Task objective:
Every line of the data below is to be given again as it appears, with the images removed.

Supplied information:
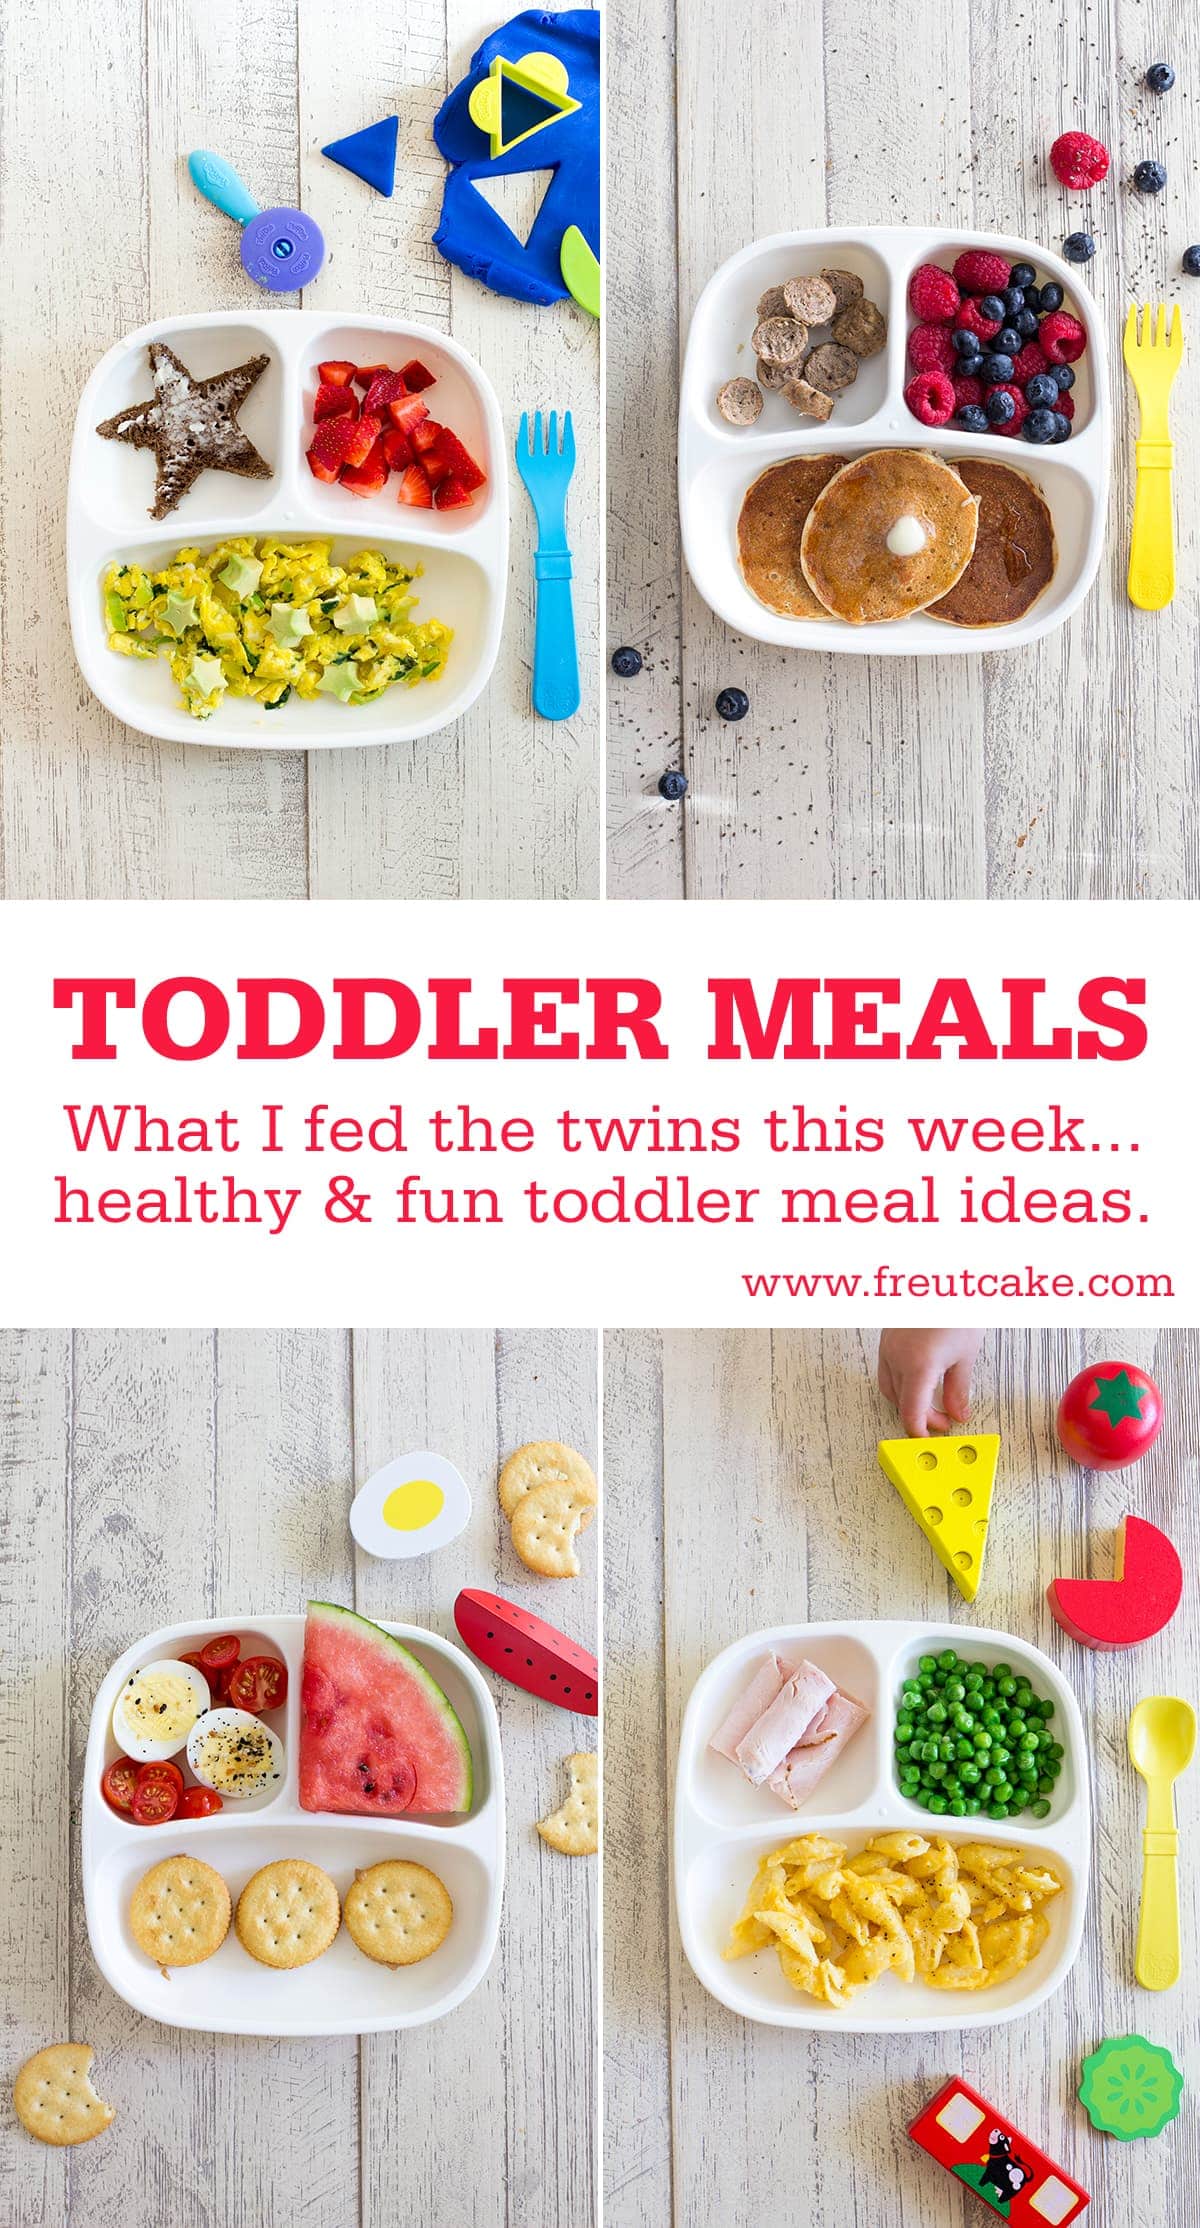 Toddler Meals What I Fed the Twins this Week
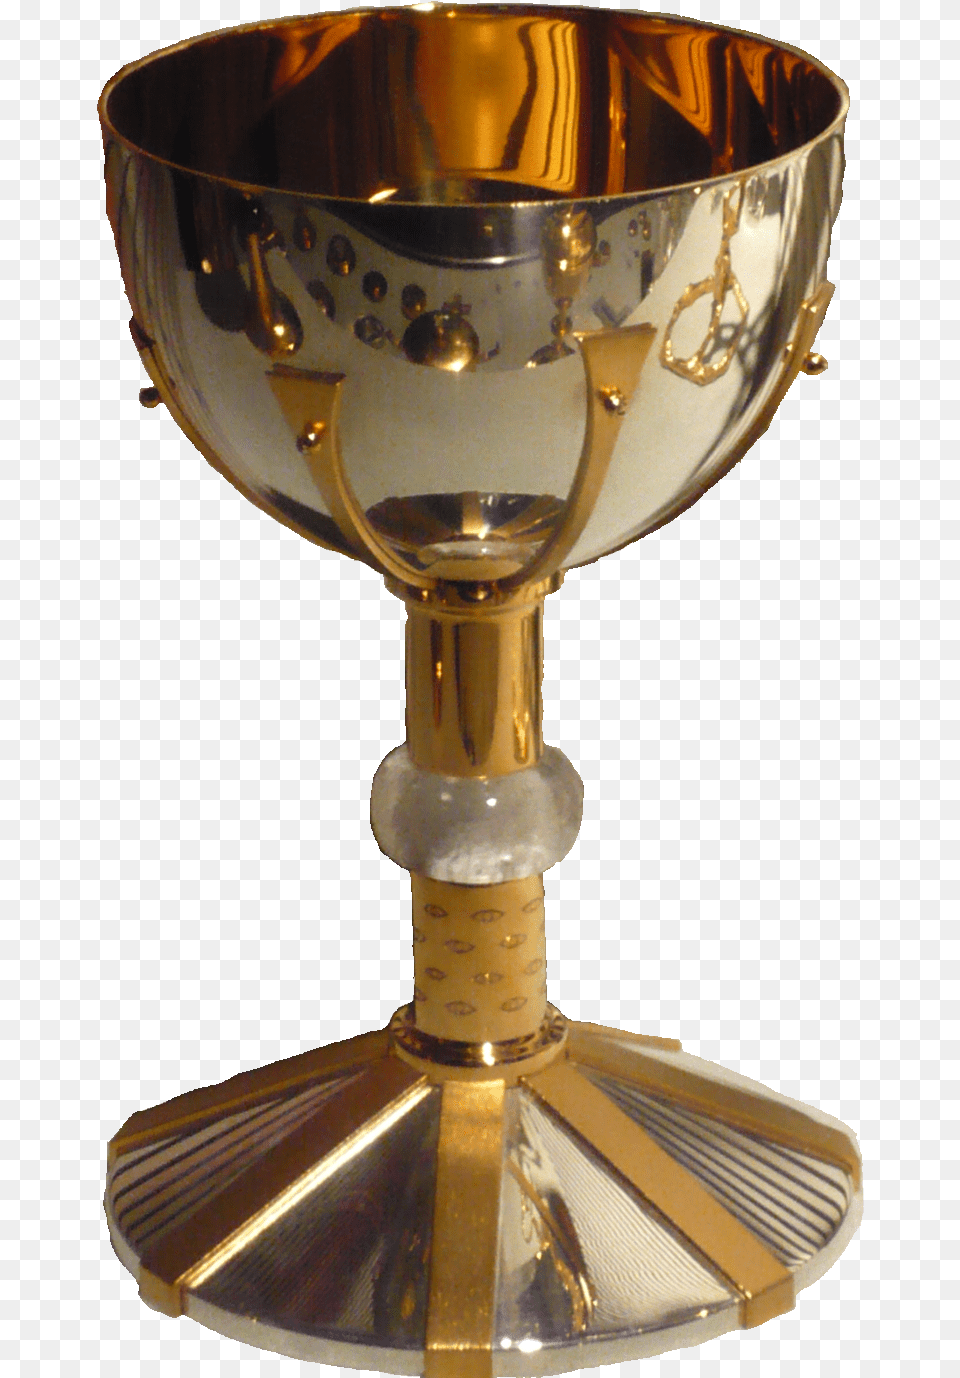 Holy Grail Chalice, Glass, Goblet, Trophy Png Image
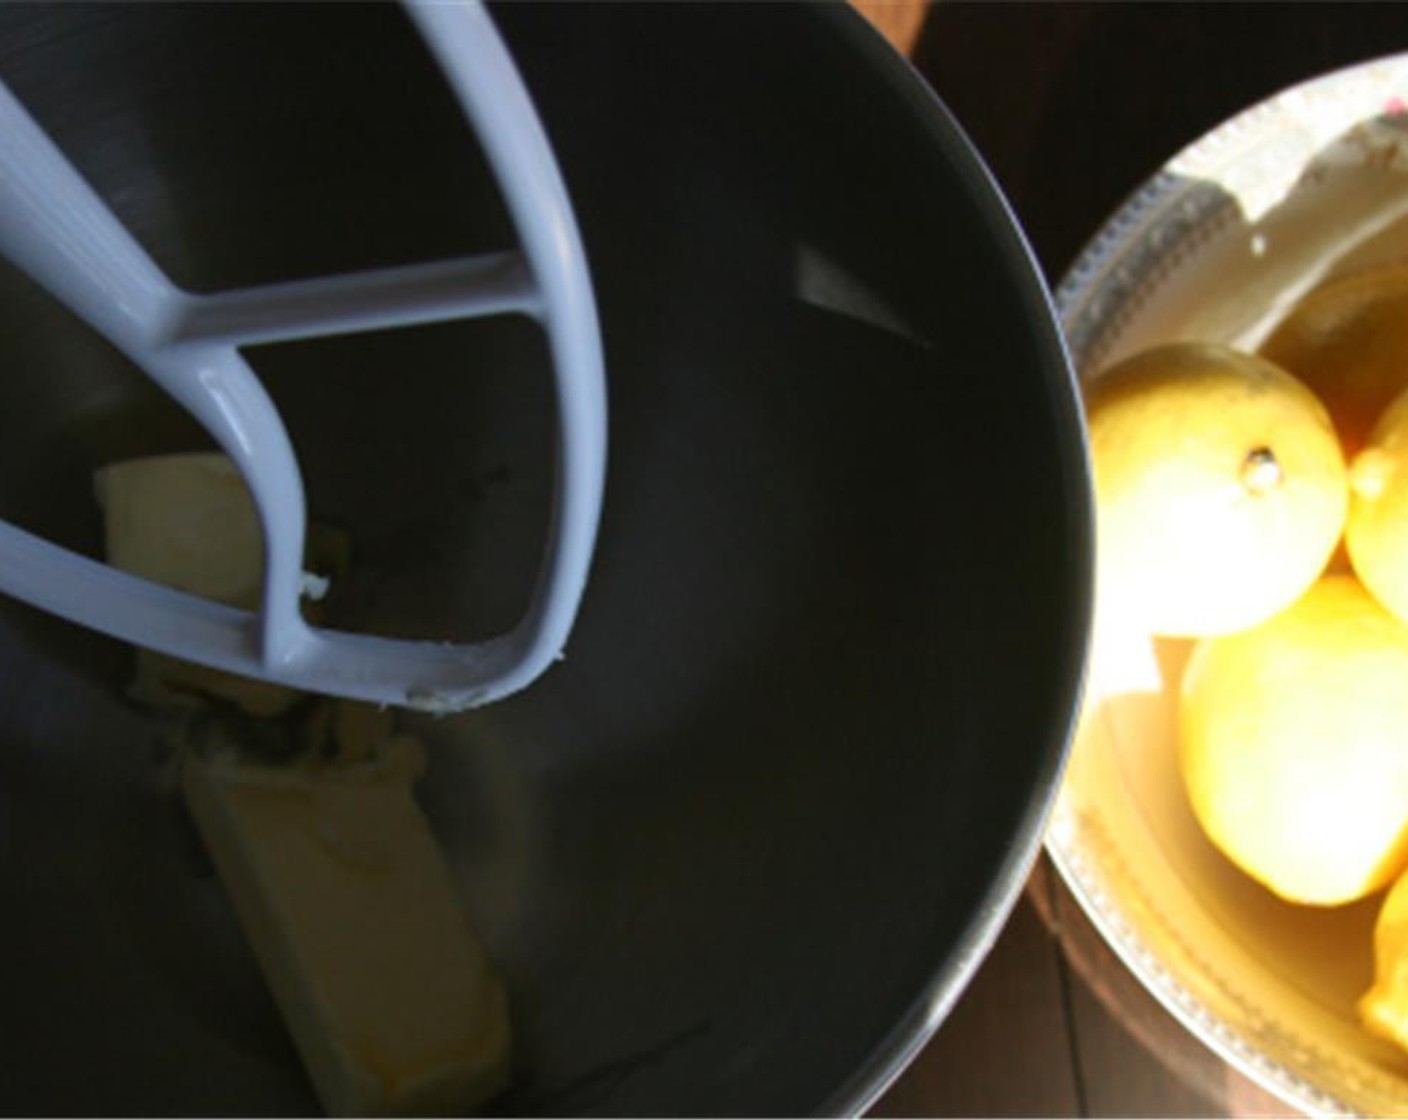 step 1 Cream Unsalted Butter (1/2 cup) and Granulated Sugar (3/4 cup) in the bowl of a stand mixer until light and fluffy.

Answer section:
 Toddler Meals What I Fed the Twins this Week
 Holy Grail Chalice, Glass, Goblet, Trophy Png Image
 step 1 Cream Unsalted Butter (1/2 cup) and Granulated Sugar (3/4 cup) in the bowl of a stand mixer until light and fluffy.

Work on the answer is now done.